BRUSSELS — Wearing two hats — one coordinating the EU’s policy agenda and the other leading his own country — Belgian Prime Minister Alexander De Croo will be walking a tightrope when he visits China this week.
Not only are tensions mounting over the EU’s yawning trade deficit with China, but De Croo’s visit comes days ahead of a presidential election in Taiwan, in which President Xi Jinping has intervened by saying the island nation’s reunification with China is a “historical inevitability.”
De Croo departs for his two-day state visit on Wednesday, 10 days after his country assumed the presidency of the Council of the EU, the intergovernmental part of the 27-nation bloc. The trip comes at a difficult time in the relationship, with tensions on display in December at the first face-to-face summit between EU and Chinese leaders in four years.
Last week, China also launched a tit-for-tat trade investigation into EU liquor exports, signaling its displeasure over a probe launched by the Commission last fall into subsidies for made-in-China electric vehicles.
It amounts to a diplomatic minefield for the 48-year-old De Croo, for all his experience of running a seven-party, bilingual coalition government.
“At all cost, we must avoid a situation where the Belgian position contradicts the European position,” said Tanguy Struye, professor of international relations at UCLouvain and an expert on EU-China relations.
“If Belgium takes a different stance than the EU, this will clearly benefit China, who will once again be able to divide us.”
De Croo’s visit culminates on Friday when he meets Xi in one of the Chinese president’s last public appearances before this weekend’s presidential election in Taiwan — which China regards as a breakaway province.
A victory for Taiwan’s ruling Democratic Progressive Party, which Beijing sees as pro-independence, could infuriate the Chinese government and trigger a military response, security analysts warn.
Back home, meanwhile, recent reports have exposed China’s penetration of Belgian politics, in a scandal involving a far-right lawmaker paid by Chinese spies to influence political decisions.
Mood swing
The mood music will be quite different this time compared to 2019, when a Belgian trade mission led by then-Foreign Minister Didier Reynders and Princess Astrid sought business opportunities accompanied by over 300 business executives.
Then the pandemic hit, disrupting industry supply chains and transforming perceptions of opportunity and risk in Europe’s trade relationship with China.
Not only did the economic dislocation caused by COVID inflate the EU’s bilateral trade deficit with China to €400 billion in 2022, but the bloc also realized it had become too dependent on Beijing in sensitive sectors like energy and green tech — such as the batteries that power electric vehicles.
The buzzword in Brussels is currently how to “de-risk” the EU’s economic relationship with China. That’s easier said than done, however, and the EU faces hard choices in continuing to trade with Beijing while safeguarding its strategic interests. A new economic security strategy, announced by Commission President Ursula von der Leyen last year, is due to be unveiled in late January.
In comparison to its neighbor, the Netherlands, which last year bowed to U.S. calls to restrict exports to China by tech champion ASML — the leading maker of chip fabrication equipment — Belgium has been slow to catch up with EU countries that are more hawkish on trade with China.

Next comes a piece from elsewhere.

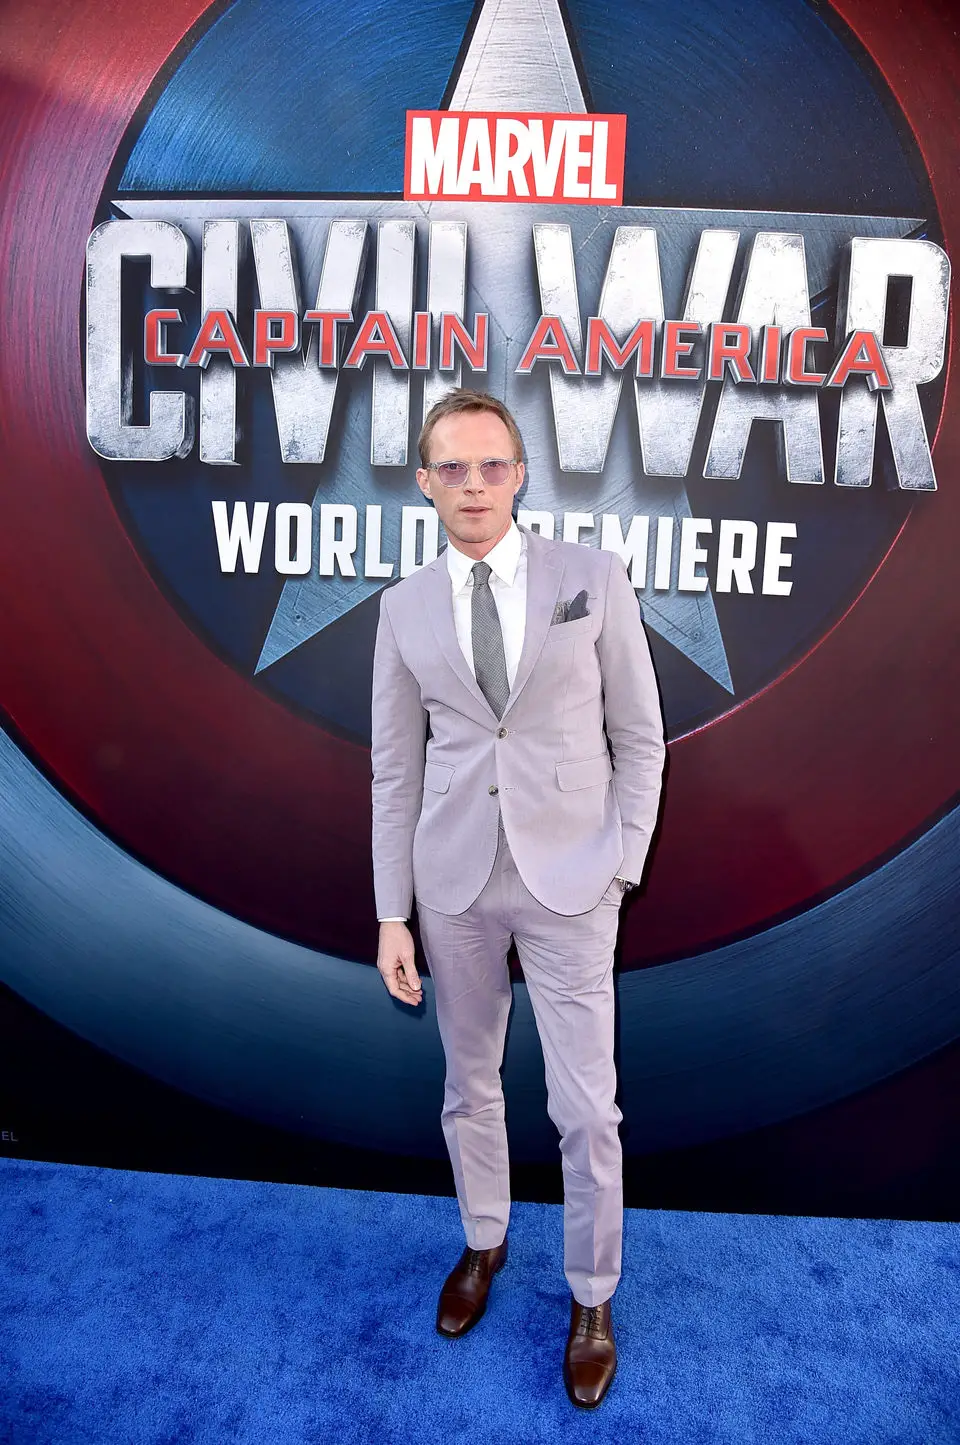 Bettany at Civil War: Captain America Premiere

Just last week, Flemish public transport provider De Lijn came under fire for ordering new buses from China’s BYD rather than from local manufacturer Van Hool. In French-speaking Wallonia, Chinese e-commerce giant Alibaba’s significant presence at Belgium’s largest cargo airport has also raised national security concerns.
“I’m a big fan of free trade, and trade with the rest of the world and also with China is an important one, but I just want to see more elements of reciprocity,” De Croo told POLITICO in late December.
“For me, there is no problem with the Chinese coming to take over something here, but I just want to be able to do it with them too,” the liberal prime minister said.
The business delegation on this trip will be far smaller — just 25 CEOs will accompany De Croo to Beijing. During the visit, he and Chinese counterpart Li Qiang will sign a memorandum of understanding on investing in green energy.
Strategic reciprocity
Francesca Ghiretti, a senior analyst at the Adarga Research Institute, said it was “quite strategic” to put reciprocity back on the agenda of relations with China. But she warned against losing sight of the progress that has been made on economic security and sliding instead into tit-for-tat trade dynamics.
Like the Netherlands, Belgium is still figuring out how to shield its strategic assets from Beijing’s grasp. The country is home to Imec, a world-leading semiconductor research center, which also has a presence in China.
Imec was recently urged to choose sides. The research center, which gets tens of millions in government subsidies annually, should focus “mainly on the like-minded countries,” Flemish Economy Minister Jo Brouns told POLITICO in November.
The hint was swiftly taken: Imec CEO Luc Van den Hove said in December that there are still projects with Chinese companies, but promised those “will be phased out” during a visit to the U.S., where Imec recently opened a new office.
Pieter Haeck, Barbara Moens and Stuart Lau contributed reporting.